#### [GIVEN RECORDS]
□ □ □ □ □

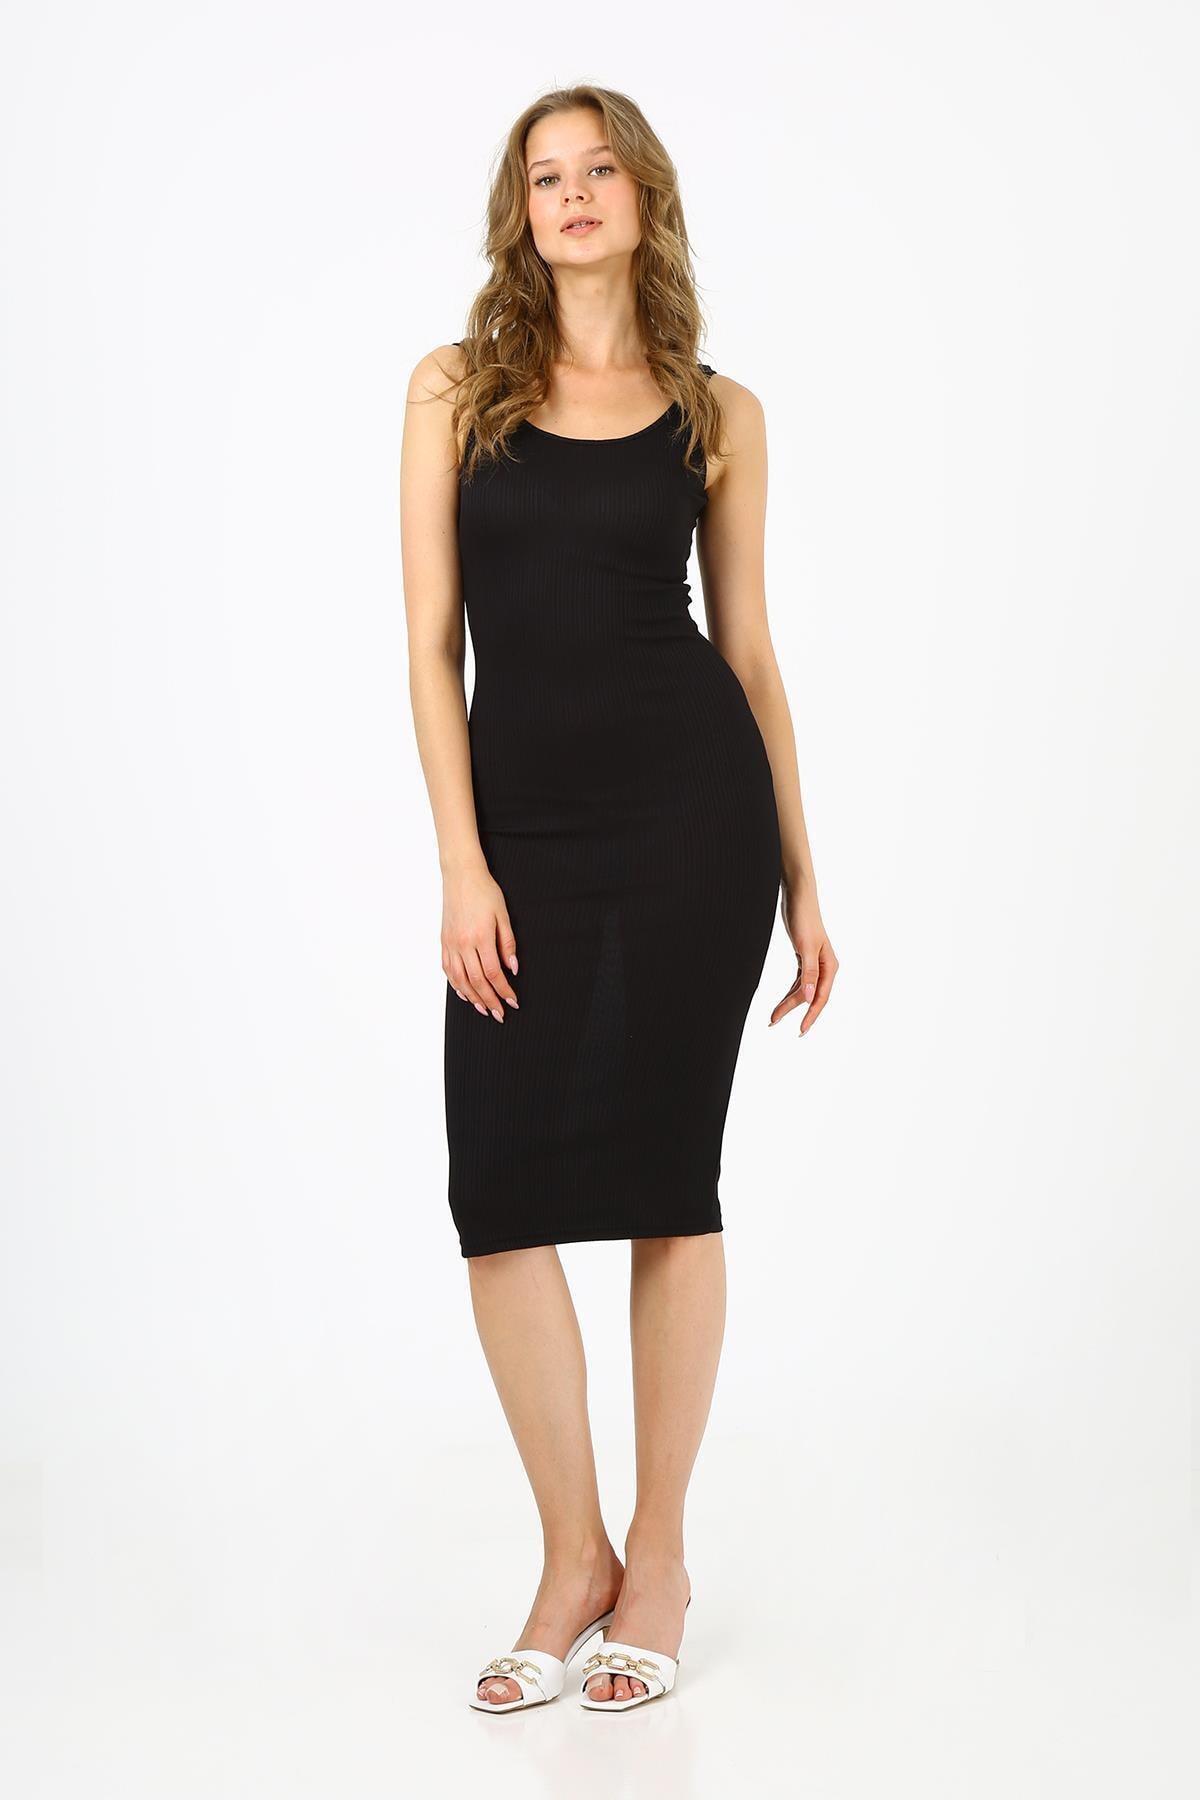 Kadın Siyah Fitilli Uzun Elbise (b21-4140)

□ □ □ □ □

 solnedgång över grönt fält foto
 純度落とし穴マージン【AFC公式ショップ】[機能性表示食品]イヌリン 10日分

□ □ □ □ □

#### [BRIEF]
In the material above, transcribe exactly the lines beginning at the one with "solnedgång över grönt fält foto" and ending at the one with "純度落とし穴マージン【AFC公式ショップ】[機能性表示食品]イヌリン 10日分", both included.

#### [COMPLETED TASK]
 solnedgång över grönt fält foto
 純度落とし穴マージン【AFC公式ショップ】[機能性表示食品]イヌリン 10日分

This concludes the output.